Tuesday, June 23, 2015

Council Burns Midnight Oil - Burns Through Agenda

Meetings Starts 4:30 pm Ends 1:30 am

In a marathon special city council meeting council burned through a huge agenda which had many items carried forward from the previous council meeting. It was a packed agenda which produced a large turnout of interested members of Nanaimo's arts and culture community eager to hear if council would adopt a new funding program assessment. 

For this topic 12 delegates were listed to speak with only two speaking in opposition, one of which was ejected from the meeting for refusing to lower a sign. The number of delegates and amount of time taken for this item was considerable given this was not about how many funds would be granted to arts and culture groups, but rather the method of dispersing the funds. At the last round of dispersments I believe 5 applicants received about 75% of available funds with the Vancouver Island Symphony receiving $85,000 of a fund containing less than $300,000.

The new process recommended by the Culture and Heritage Commission is said to make the playing field more level for all applicants and rejected the notion of a funding cap be put in place. It is also said to be more merit based which should allow newer projects to compete evenly with groups that have been around longer.

HIGHLIGHTS (more detail to follow)


HOTEL DEAL: Council agreed to extend the option to purchase agreement, giving SSS Manhao until Nov. 30/15 to obtain a building permit.

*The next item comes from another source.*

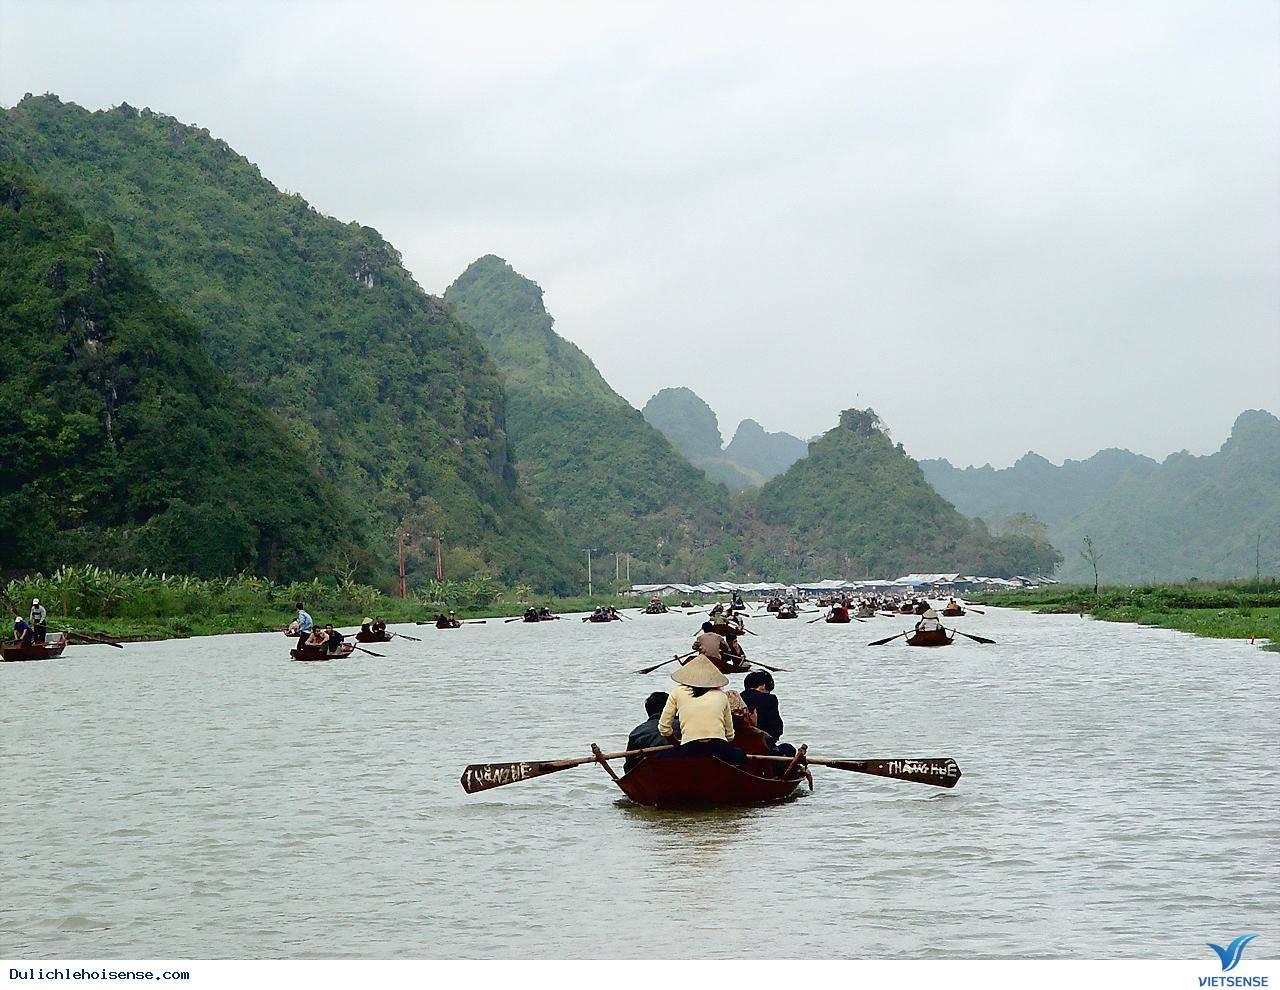 Du Lịch Lễ Hội Chùa Hương 1 Ngày, Du Lich Le Hoi Chua Huong 1 Ngay

This no longer requires the developer to have a shovel in the ground by that date, which I believe was the intent of Councillor Hong's previous motion.

The developer will also commit to providing $100,000 for improvements to Piper's Park and will no longer have the Right of First Negotiation for the VICC.

After this motion passed smoothly, Mayor McKay proposed bringing a motion which would tie the conference centre's future to the hotel. The response from the majority of council resulted in McKay abandoning the notion.

CEDAR EMERGENCY WATER CONNECTION

Council approved a recommendation to execute an Emergency Water Connection Agreement between the City of Nanaimo and the North Cedar Improvement District.

2016 - 2020 FINANCIAL PLAN PRESENTATION SCHEDULE


If adhered to Council will begin the financial plan presentation process in July of this year which should help them achieve the goal of dealing with the financial plan in an earlier fashion than previous years.

CITY TO PURCHASE TWO AUTOMATED GARBAGE TRUCKS

City council approved the purchase of two new automation ready split stream garbage trucks to replace two ageing trucks in the city fleet at a cost of $400,000 each. These trucks will be equipped with the ability to pick up garbage bins mechanically not requiring the refuse collector to lift the containers. More to come on this later.

LETTER TO DSS RE COLLIERY DAMS

Councillor Fuller put forward a motion which will result in city council sending a letter appealing to DSS to consider different options to resolve the Colliery Dam issue.  More to come on this later.

CONTINUED PAST 11:00 PM

At eleven o'clock council is required to pass a motion going beyond that time. The last city council did not opt to go beyond 11:00 pm which is what resulted in many of the items on this night's agenda. 

At 11:00 o'clock it appeared as if Mayor McKay was wanting to not continue saying there was lots of items still to be dealt with and seemed to favour postponing to another meeting. Councillor Bestwick, noting that many members of the gallery were still waiting to be heard put forward the motion to go beyond 11:00 pm which resulted in all business being dealt with by approximately 1:30 am.

allvoices

1 comment:

  1. Re: Hotel developer gets six-month extension.

    The sneaky underhandedness Bill McKay so despised when he was a councillor has now been adopted by him as mayor.

    No sooner had city council unanimously given a six-month extension to the hotel developer, McKay blind-sided colleagues with a proposed follow-up motion which cast a dark shadow over the evening’s momentous occasion which had just occurred. The mayor now wanted council to guarantee the money-losing conference centre would not be repurposed or sold. Say what?

    The hotel developer had already stated it was not interested in managing the seven-year-old white elephant. Its main goal is to bring 75-thousand Asian tourists to stay in its hotel. The developer actually gave away any contractual rights it had to the conference centre.

    Mayor McKay no longer seems to care about saving taxpayers over $1-million a year it costs to bail the VICC from the red each year, nor the interest we pay on the $72.5-million structure which sits virtually as an echo chamber.

    Luckily the rest of council saw the lunacy of the mayor’s back-door motion and it died its rightful death without a seconder.

    Something, anything must be done with the conference centre to save taxpayers’ money. The promises, the waiting, the BS has gone on long enough. I remember a councillor who looked at things that way. He’s gone and it has become, to use McKay's own words, a “dark day.”